Our Transfer event will be using the opcode LOG3. That's why we have two indexed topics from and to and one extra for the event signature that we will explain later on.

As you can infer, you can index up to three topics, which would correspond to the LOG4 opcode.

You may be wondering why events? Well, here's why:

  • They are very cheap to emit. In terms of gas. Way cheaper than writing to persistent storage.
  • They don't bloat the state trie, also known as the Patricia Merkle trie. This justifies why they are cheaper.
  • They use a bloom filter, which allows high-speed queries when an event is not present.

Fundamentals of event indexing

Any EVM-compatible node such as reth or geth comes with an RPC endpoint named eth_getLogs.

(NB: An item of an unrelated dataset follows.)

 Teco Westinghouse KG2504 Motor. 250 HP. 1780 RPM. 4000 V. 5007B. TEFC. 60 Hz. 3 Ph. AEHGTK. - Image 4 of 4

The only parameters you need to provide to this call are:

  • The address of the contract. It can't be an EOA address, as that can't contain or execute code.
  • The fromBlock and toBlock range you want to search events in.
  • The so-called signature of the event, which is simply hashing the event name and type of each argument: keccak256("Transfer(address,address,uint256)")
  • The indexed events, if you want to apply a filter. You can use null if you don't want to apply any filters.

There is a great tool that's called cast that's part of foundry. It is a kind of Swiss army knife. It allows you to calculate the signature of any event.

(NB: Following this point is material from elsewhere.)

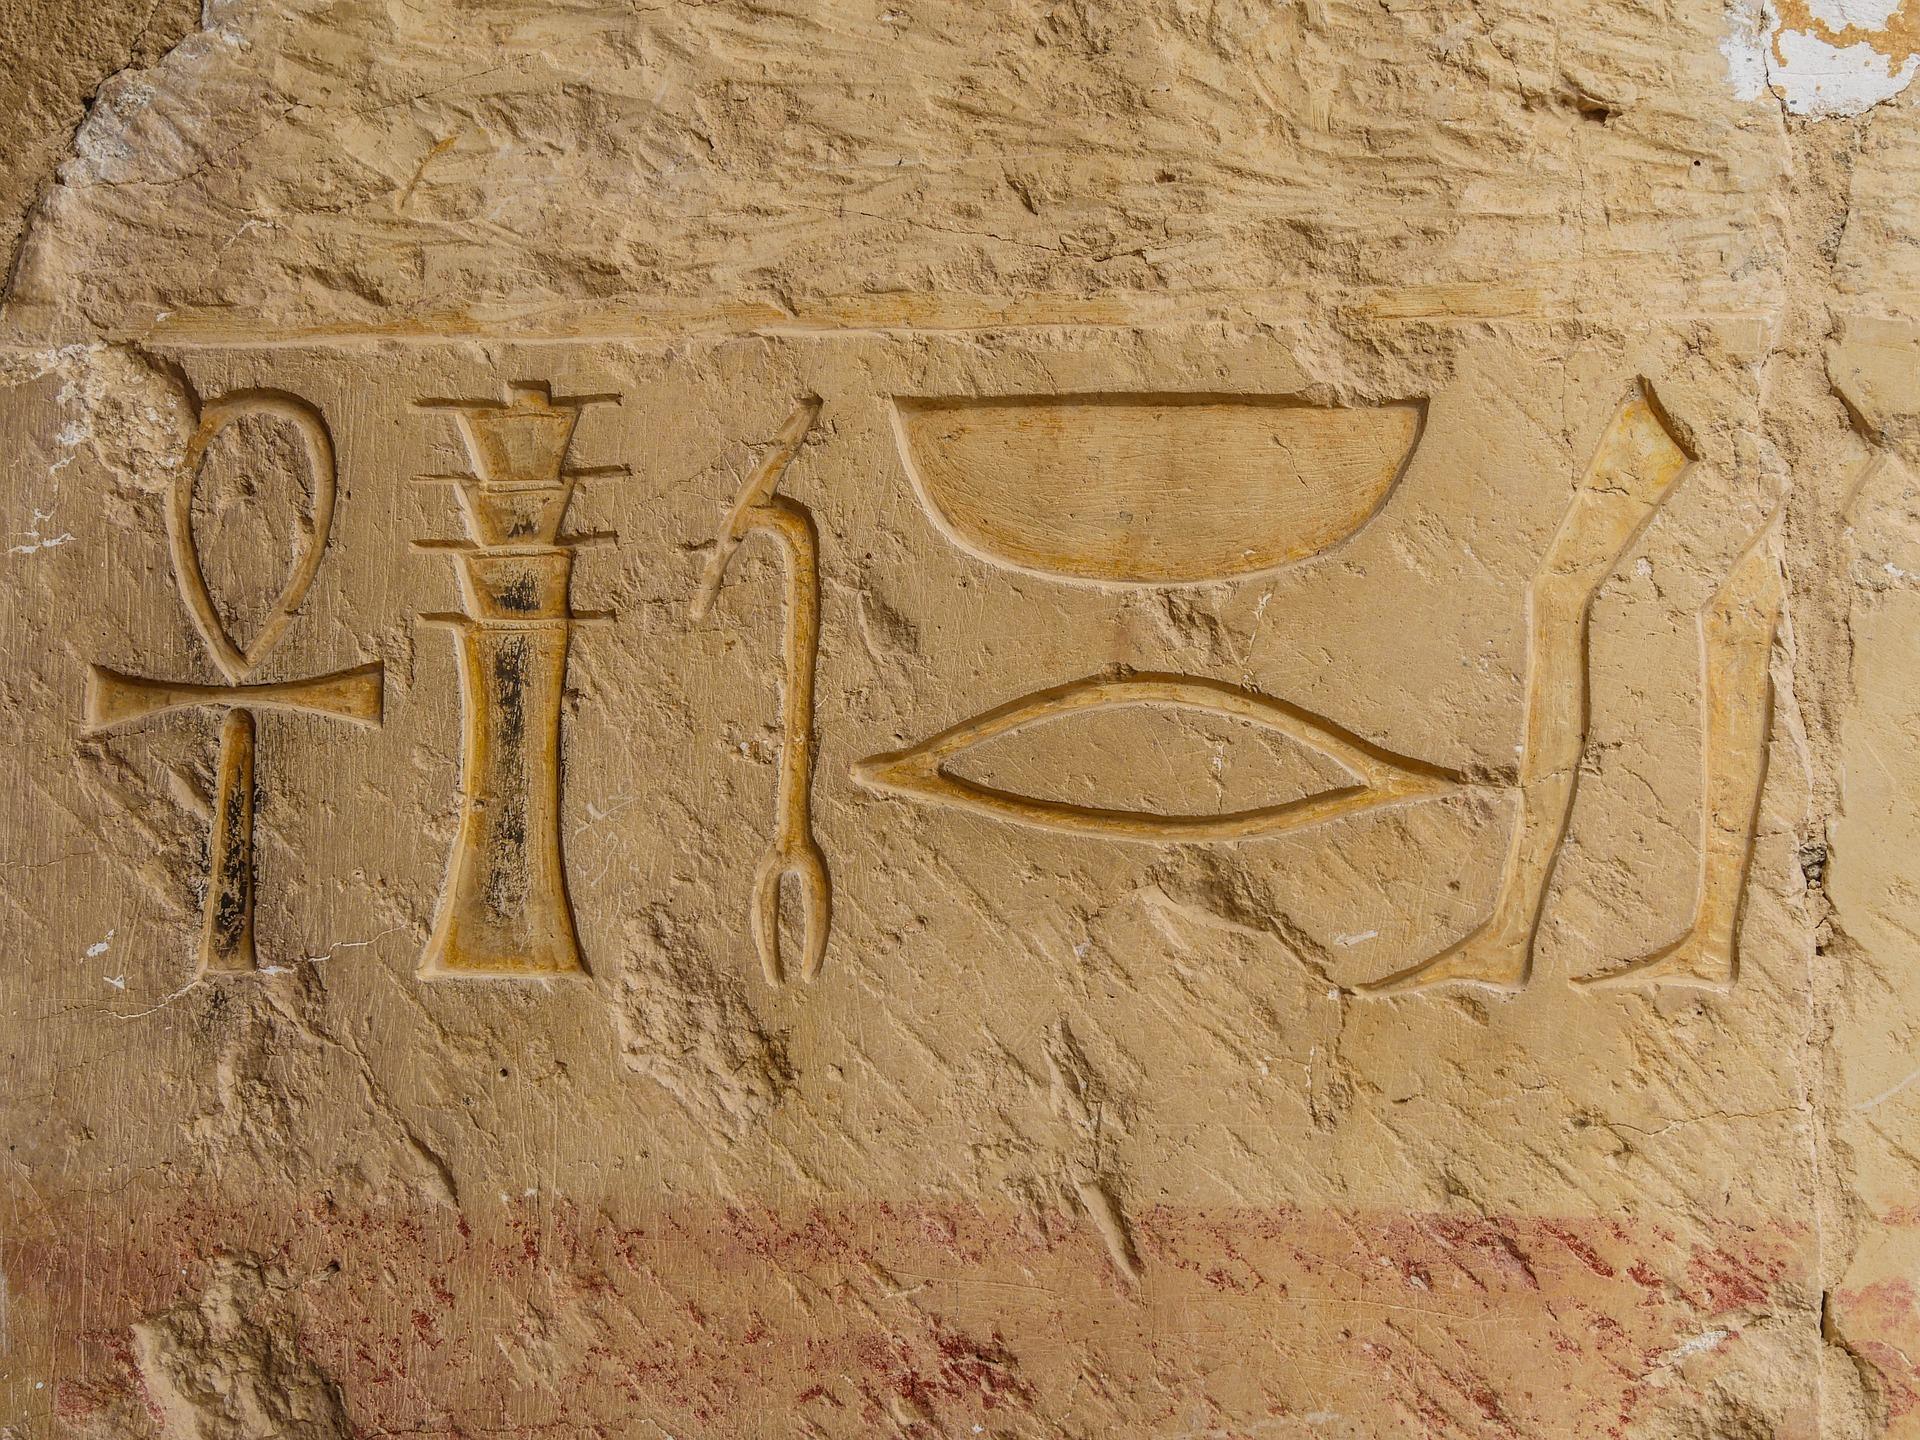 hieroglyphics-3274645_1920.jpg

cast keccak "Transfer(address,address,uint256)"

Which outputs:

0xddf252ad1be2c89b69c2b068fc378daa952ba7f163c4a11628f55a4df523b3ef

Putting it all together, we can get the Transfer events done between block 22361834 and 22362602 for the USDC contract, where the to was the zero address. This means burning them. Note that addresses shall be left-padded to 32 bytes. And note that the block numbers are provided in hexadecimal format.

curl https://reth-ethereum.ithaca.xyz/rpc \
  -X POST \
  -H "Content-Type: application/json" \
  --data '{"method":"eth_getLogs","params":[{"address": "0xA0b86991c6218b36c1d19D4a2e9Eb0cE3606eB48", "fromBlock": "0x15536ea", "toBlock": "0x15539ea", "topics": ["0xddf252ad1be2c89b69c2b068fc378daa952ba7f163c4a11628f55a4df523b3ef", null, "0x0000000000000000000000000000000000000000000000000000000000000000"]}],"id":1,"jsonrpc":"2.0"}'

Indexing with Rust and Alloy

Now that we know the basics, let's see how to build a high-performing indexer to index a set of events of a given contract.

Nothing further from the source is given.